[R] Conservative "ANOVA tables" in lmer

[Martin Maechler]

>>>>> "DB" == Douglas Bates <bates at stat.wisc.edu>
>>>>>     on Thu, 7 Sep 2006 07:59:58 -0500 writes:

    DB> Thanks for your summary, Hank.
    DB> On 9/7/06, Martin Henry H. Stevens <hstevens at muohio.edu> wrote:
    >> Dear lmer-ers,
    >> My thanks for all of you who are sharing your trials and tribulations
    >> publicly.

    >> I was hoping to elicit some feedback on my thoughts on denominator
    >> degrees of freedom for F ratios in mixed models. These thoughts and
    >> practices result from my reading of previous postings by Doug Bates
    >> and others.

    >> - I start by assuming that the appropriate denominator degrees lies
    >> between n - p and and n - q, where n=number of observations, p=number
    >> of fixed effects (rank of model matrix X), and q=rank of Z:X.

    DB> I agree with this but the opinion is by no means universal.  Initially
    DB> I misread the statement because I usually write the number of columns
    DB> of Z as q.

    DB> It is not easy to assess rank of Z:X numerically.  In many cases one
    DB> can reason what it should be from the form of the model but a general
    DB> procedure to assess the rank of a matrix, especially a sparse matrix,
    DB> is difficult.

    DB> An alternative which can be easily calculated is n - t where t is the
    DB> trace of the 'hat matrix'.  The function 'hatTrace' applied to a
    DB> fitted lmer model evaluates this trace (conditional on the estimates
    DB> of the relative variances of the random effects).

    >> - I then conclude that good estimates of P values on the F ratios lie
    >>   between 1 - pf(F.ratio, numDF, n-p) and 1 - pf(F.ratio, numDF, n-q).
    >>   -- I further surmise that the latter of these (1 - pf(F.ratio, numDF,
    >>   n-q)) is the more conservative estimate.
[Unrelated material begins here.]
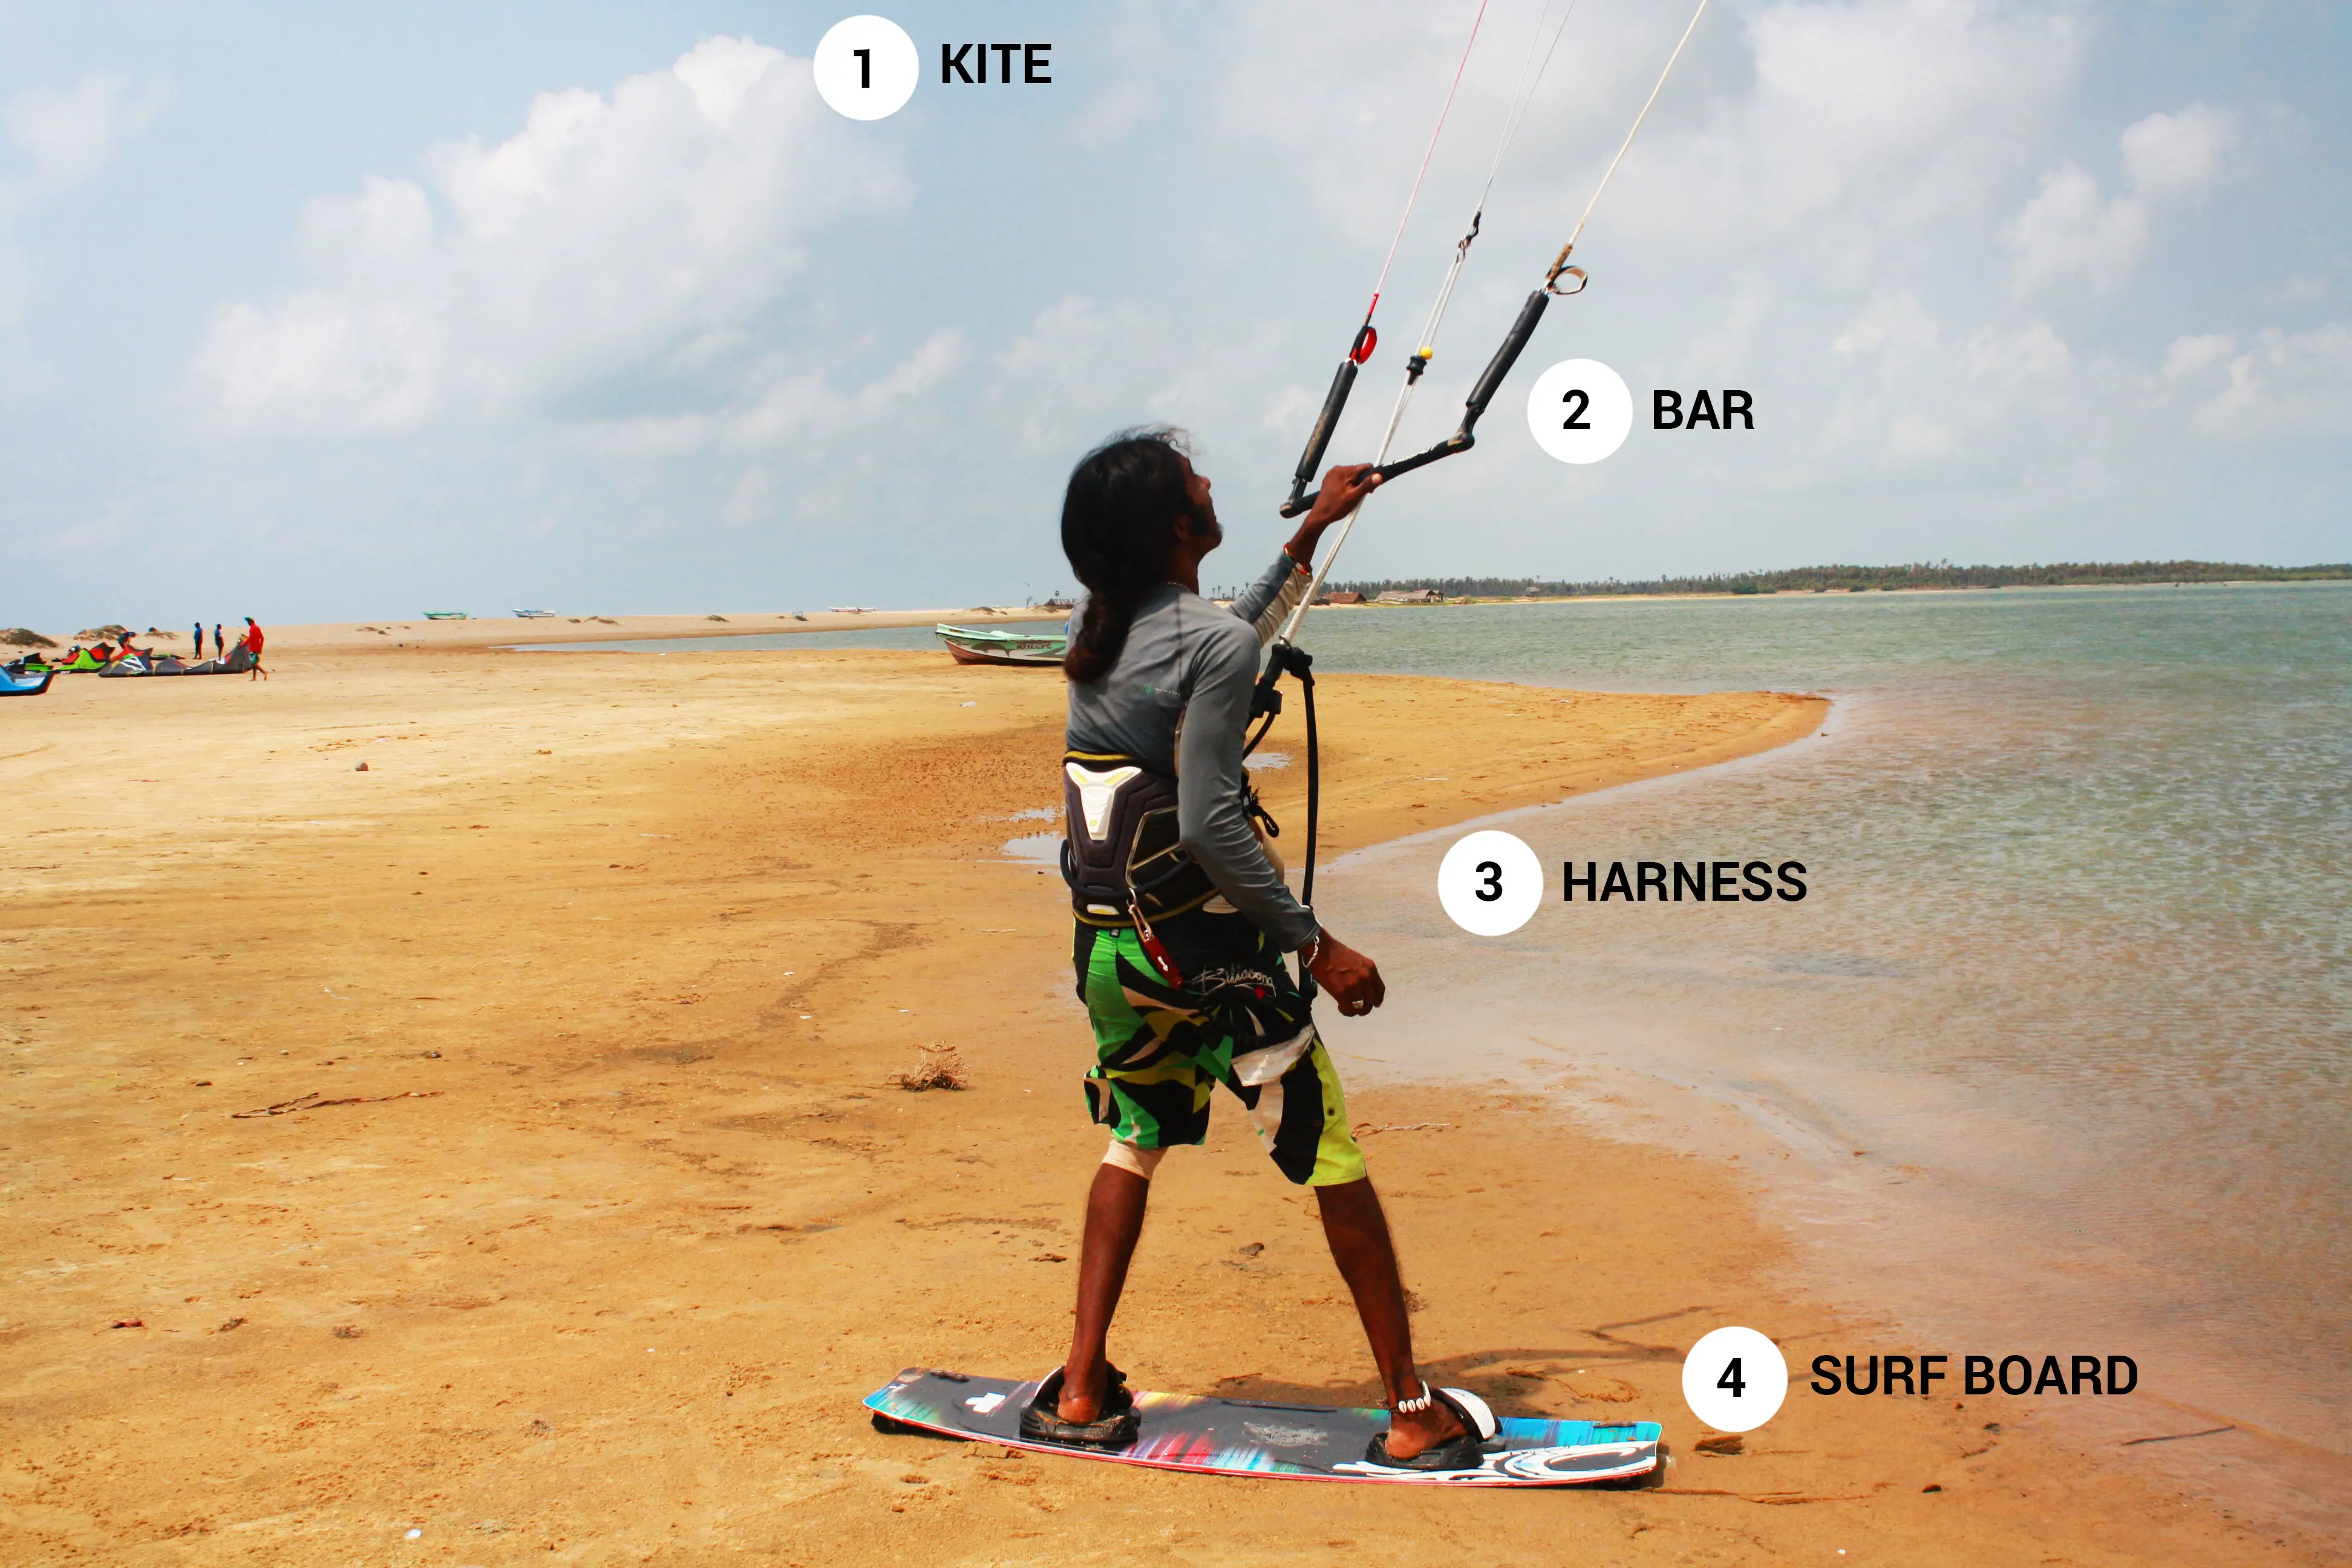 kite surfing kit

This assumes that the true distribution (under H0) of that "F ratio"
*is*  F_{n1,n2}  for some (possibly non-integer)  n1 and n2.
But AFAIU, this is only approximately true at best, and AFAIU,
the quality of this approximation has only been investigated
empirically for some situations. 
Hence, even your conservative estimate of the P value could be
wrong (I mean "wrong on the wrong side" instead of just
"conservatively wrong").  Consequently, such a P-value is only
``approximately conservative'' ...
I agree howevert that in some situations, it might be a very
useful "descriptive statistic" about the fitted model.

Martin

    >> When I use these criteria and compare my "ANOVA" table to the results
    >> of analysis of Helmert contrasts using MCMC sample with highest
    >> posterior density intervals, I find that my conclusions (e.g. factor
    >> A, with three levels, has a "significant effect" on the response
    >> variable) are qualitatively the same.

    >> Comments?

    DB> I would be happy to re-institute p-values for fixed effects in the
    DB> summary and anova methods for lmer objects using a denominator degrees
    DB> of freedom based on the trace of the hat matrix or the rank of Z:X if
    DB> others will volunteer to respond to the "these answers are obviously
    DB> wrong because they don't agree with <whatever> and the idiot who wrote
    DB> this software should be thrashed to within an inch of his life"
    DB> messages.  I don't have the patience.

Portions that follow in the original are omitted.